Depuis que la nationalité birmane leur a été retirée en 1982, ils sont soumis à de nombreuses restrictions : ils ne peuvent pas voyager ou se marier sans autorisation, ils n'ont accès ni au marché du travail ni aux écoles et hôpitaux.

La "persécution" de cette minorité est "inacceptable", a réagi jeudi le secrétaire d'Etat américain Rex Tillerson.

Et le Parlement européen, "gravement préoccupé", a adopté une résolution demandant à l'armée de "cesser immédiatement" ses exactions.

Dans ce contexte, le Bangladesh a accusé vendredi la Birmanie d'avoir violé de manière répétée ces derniers jours son espace aérien par l'envoi de drones et d'un hélicoptère militaires, convoquant à cette occasion, pour la troisième fois en moins de trois semaines, le responsable de la représentation diplomatique birmane à Dacca.

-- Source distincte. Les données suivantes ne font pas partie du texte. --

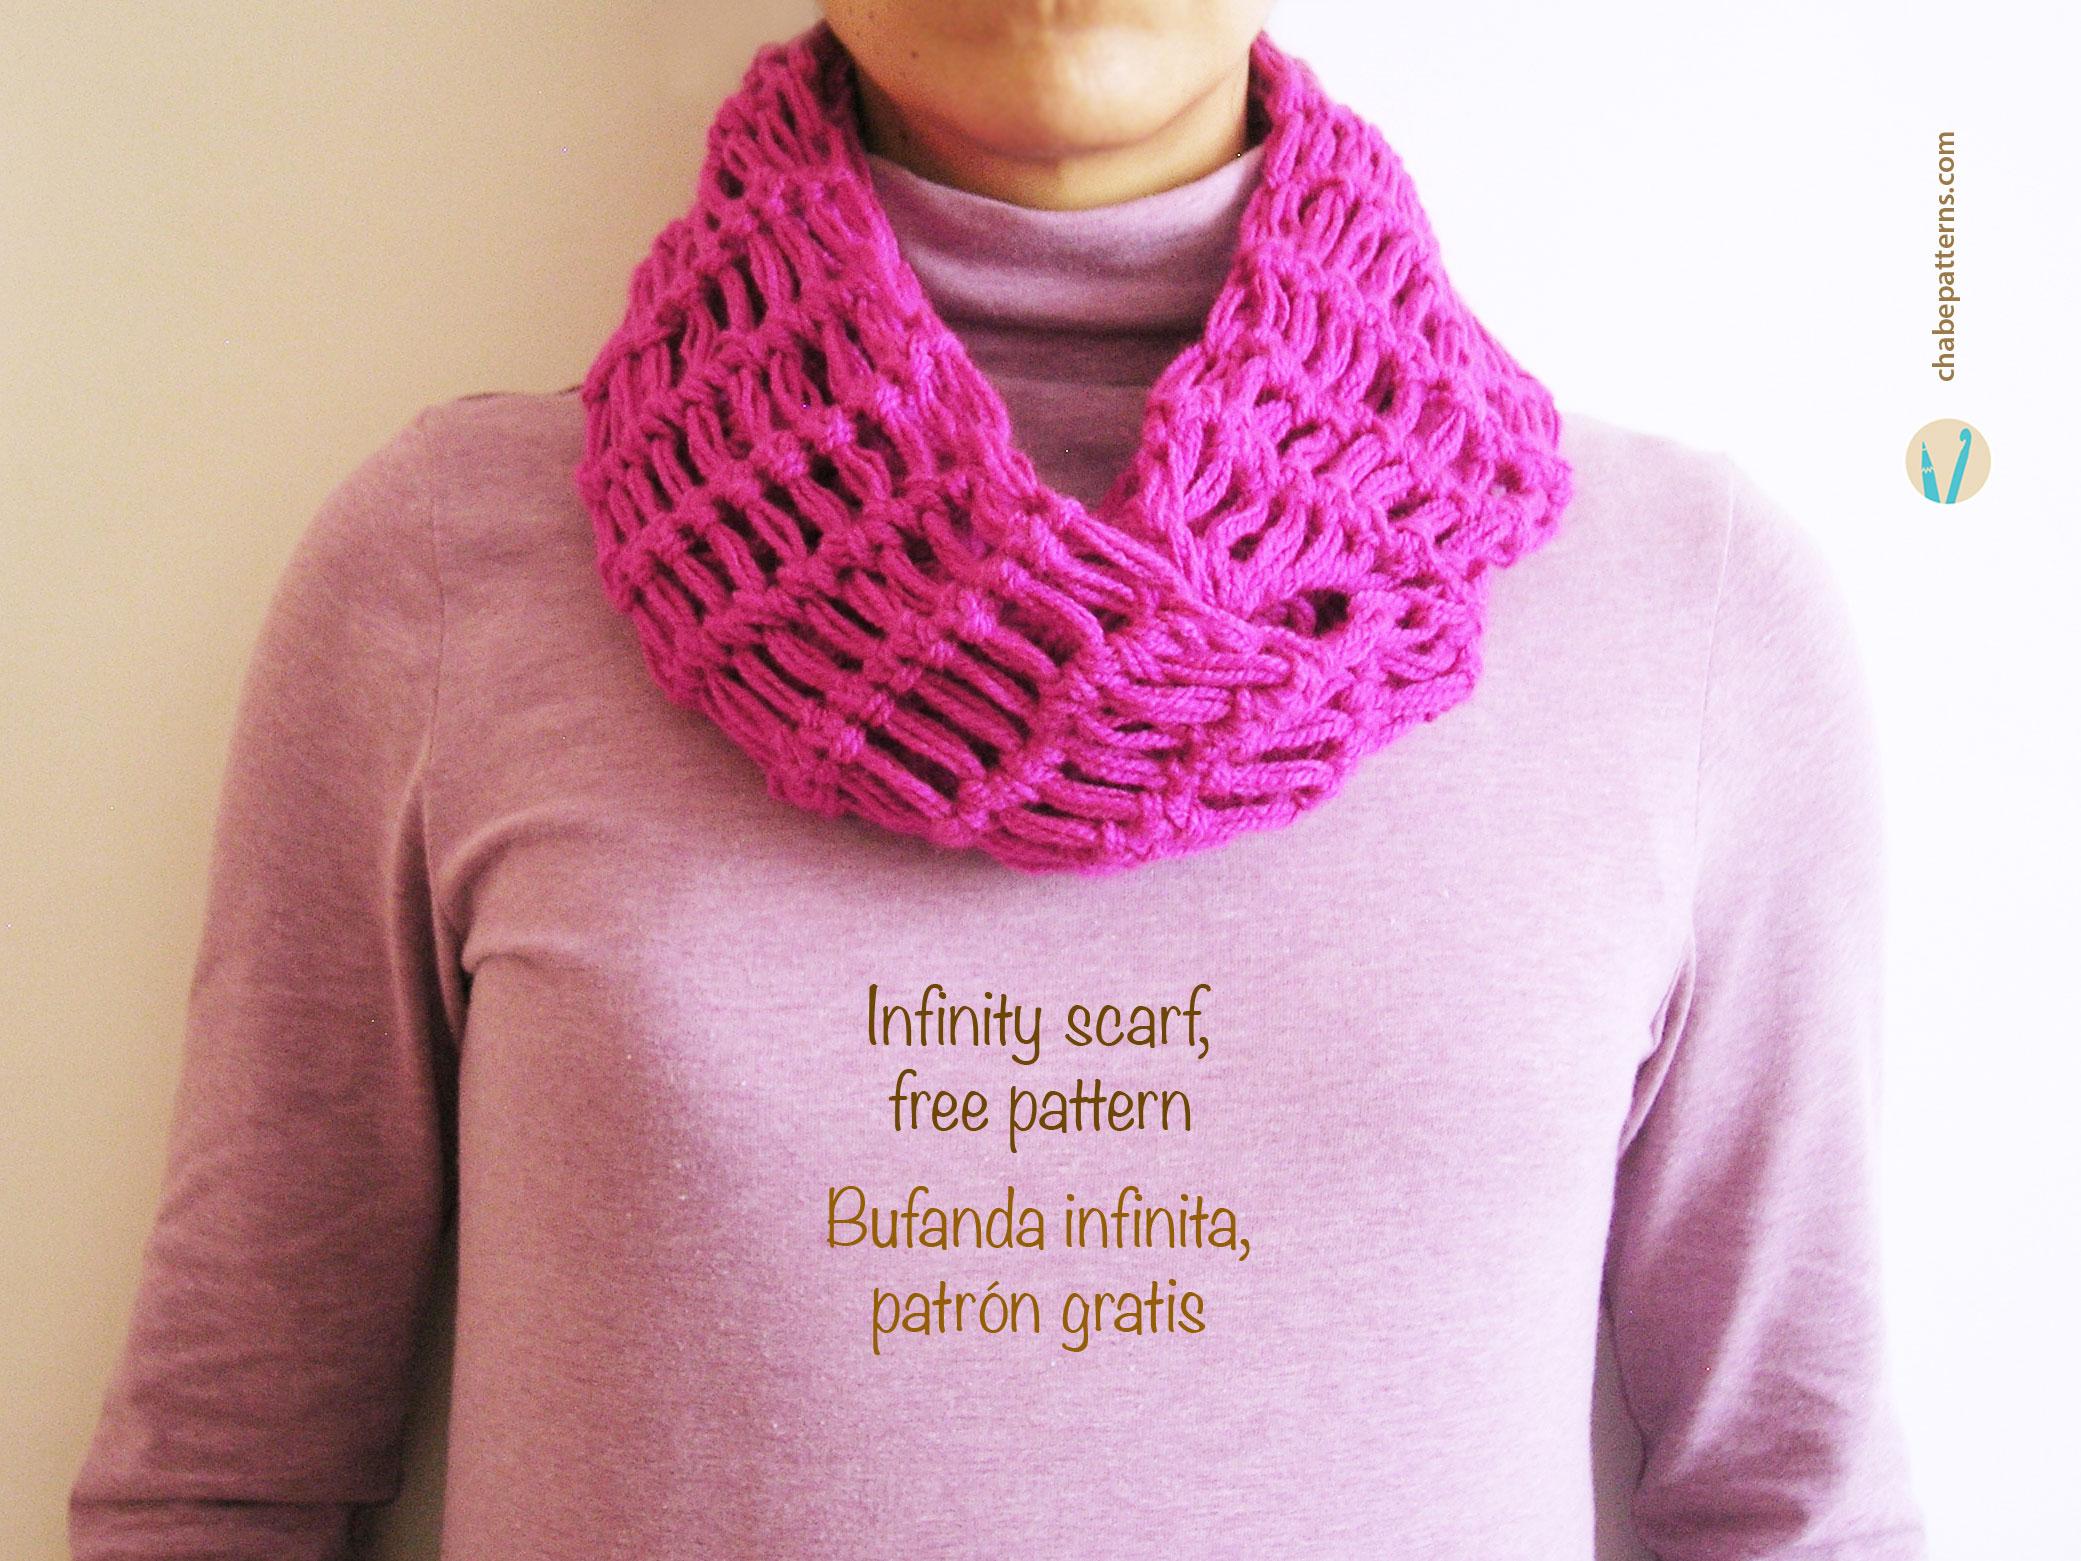 Infinity scarf/ Bufanda infinita

Par ailleurs, deux photographes birmans ont été arrêtés en territoire bangladais, accusés d'"espionnage" pour le compte de la Birmanie.

Parallèlement, des milliers de partisans d'organisations islamistes ont participé vendredi au Bangladesh à des manifestations de protestation contre le "génocide" dont, disent-ils, les Rohingyas sont victimes, certains appelant à une entrée en guerre de leur pays contre la Birmanie pour y mettre fin.

La dirigeante birmane Aung San Suu Kyi, au pouvoir depuis avril 2016 après les premières élections libres en plus de 20 ans, concentre quant à elle les critiques de la communauté internationale.

Elle a promis de sortir de son silence mardi prochain pour faire un grand discours. Un exercice s'annonçant périlleux pour l'ex-icône de la démocratie qui incarne les espoirs de tout un peuple bâillonné pendant plus de 50 ans par une dictature militaire.

La lauréate du prix Nobel de la paix doit en effet composer avec l'armée birmane, qui est toute puissante dans son pays et reste politiquement incontournable puisqu'elle détient un quart des sièges au Parlement via des députés non-élus et dirige trois ministères d'importance : la Défense, les Frontières et l'Intérieur.